Nomupay raises another $40 million: The Irish fintech startup makes it easier for merchants to process payments across international borders. Their latest Series C raise, valuing the company at $290 million, comes just five months after it closed a $37 million Series B. They’ll use the new funds to expand into fresh marketplaces, including a big push into Japan.
TWiST500
In just about any discussion about the state and future of AI development in the the West, the specter of Chinese advancement is raised. We’re locked in a “race” against China to drive and power the globe’s use of AI technology, we’re told. Any new regulations or limits on AI development — like, say, protections for IP owners and publishers — threatens to throttle US and European advancement and hand a premature victory to our Chinese rivals.
While the specific consequences for “winning” or “losing” the AI race aren’t entirely clear, both regions and their respective tech industries are certainly BEHAVING like they’re locked in a life-or-death struggle, with AI serving as a sort of Technological Thunderdome: two countries enter, but only one leaves.

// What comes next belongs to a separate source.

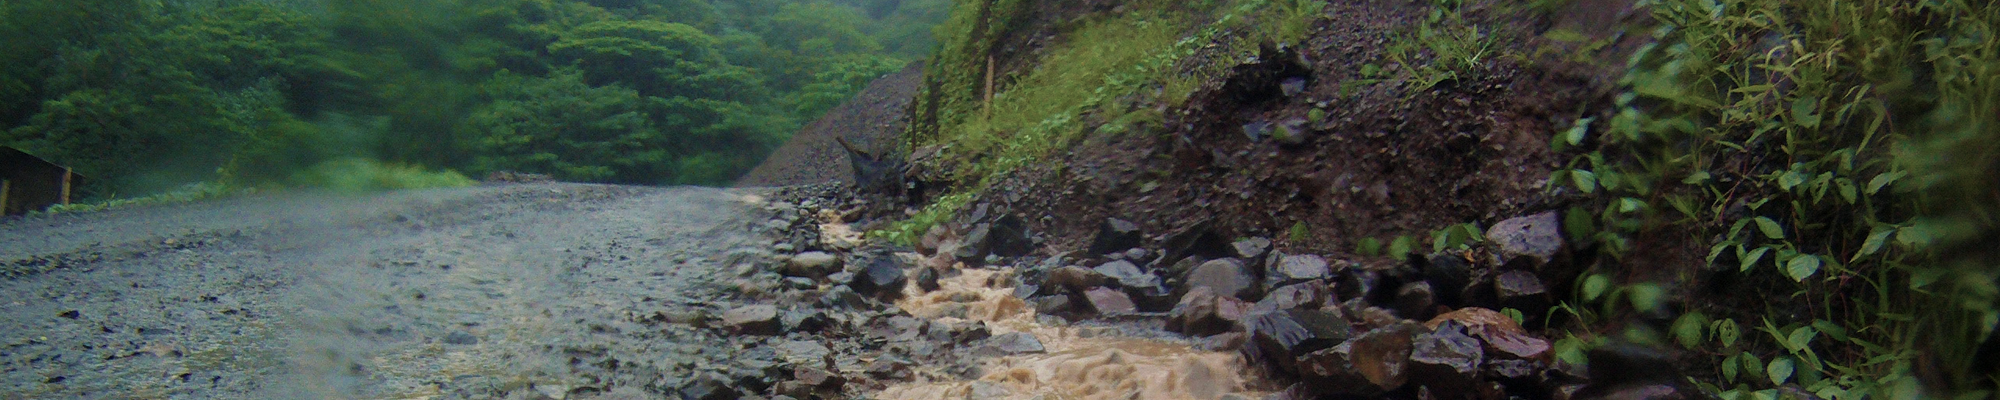 mountain road during rainstorm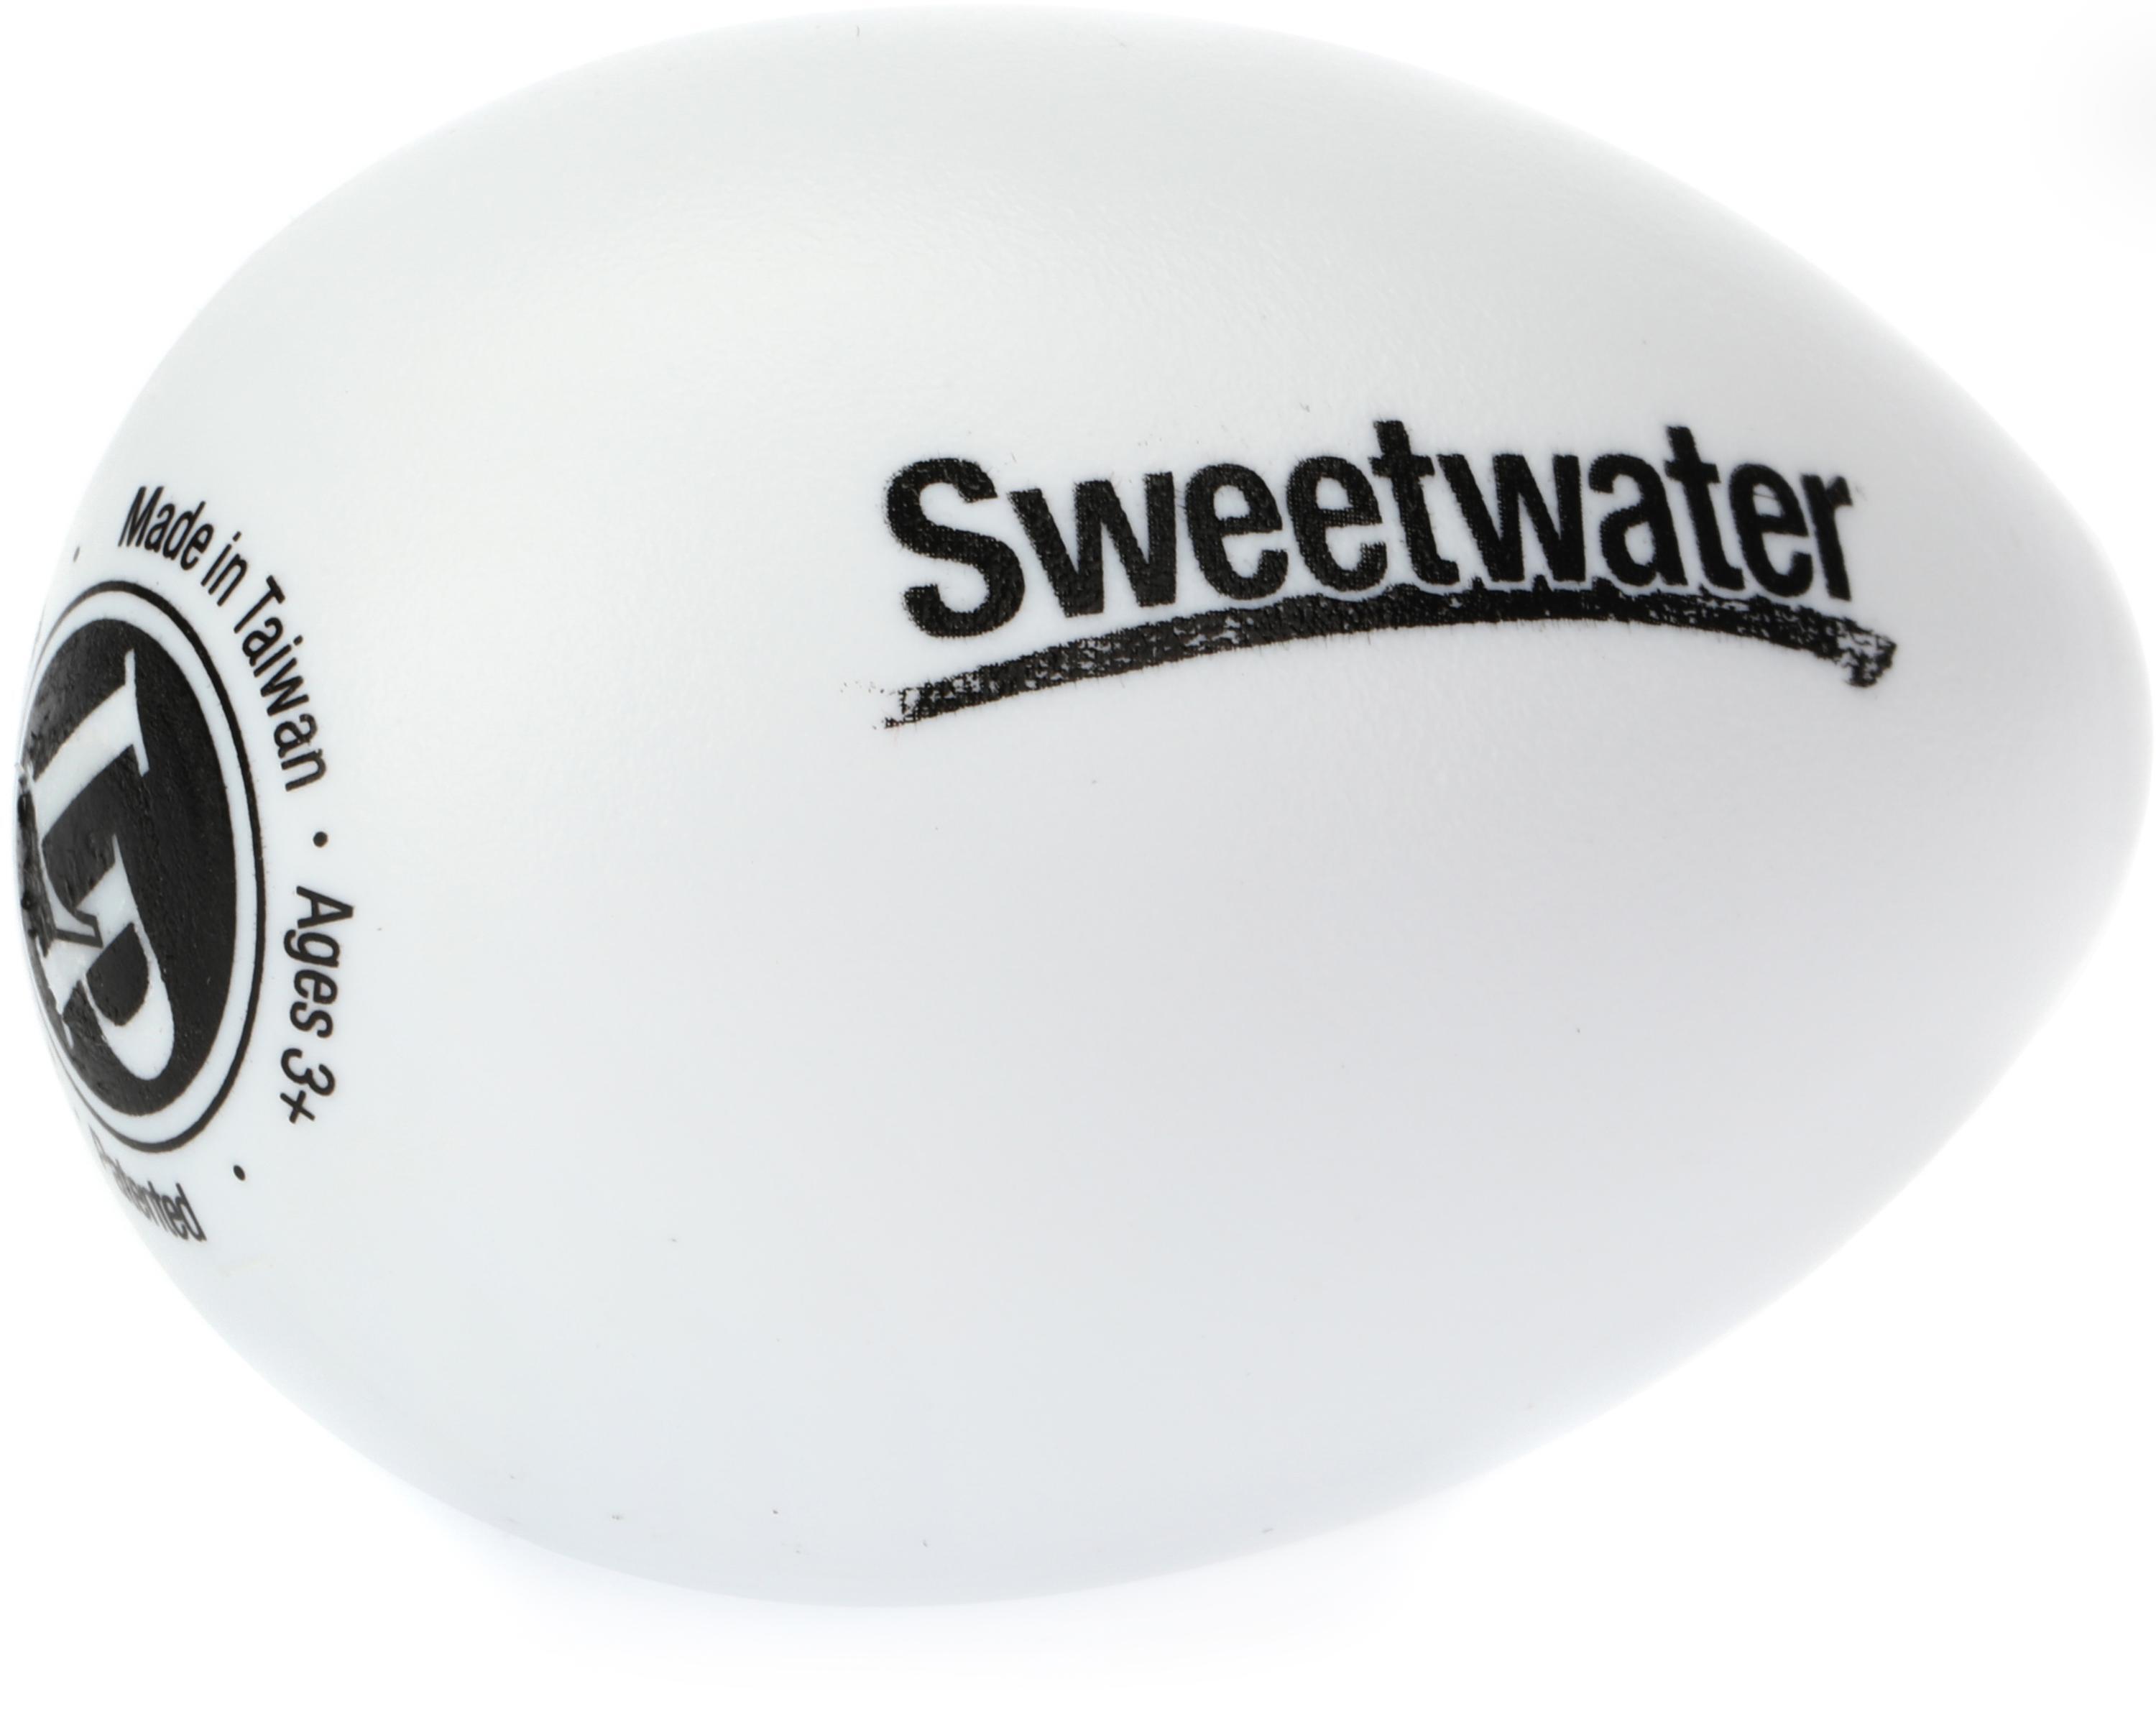 Bundled Item: Latin Percussion Sweetwater Egg Shaker - White

Take the Chinese lab and TWiST 500 members DeepSeek. They’ve been accused in the past of “borrowing” from OpenAI’s work to train models of their own. DeepSeek’s V3 memorably identified itself as “ChatGPT” to some observers back in December, and OpenAI has reported to the press that it has evidence of DeepSeek using a technique called “distillation” to extract data from their models.
Now, it seems that DeepSeek has moved on… to borrowing technology from Google’s Gemini. Melbourne-based developer Sam Paech posted to X this week that he has evidence showing DeepSeek’s latest model has been trained on Gemini outputs. It’s circumstantial — DeepSeek’s R1-0528 model occasionally uses words and phrases that are preferred by Gemini 2.5 Pro — but still fairly convincing, based on DeepSeek’s questionable history on this front.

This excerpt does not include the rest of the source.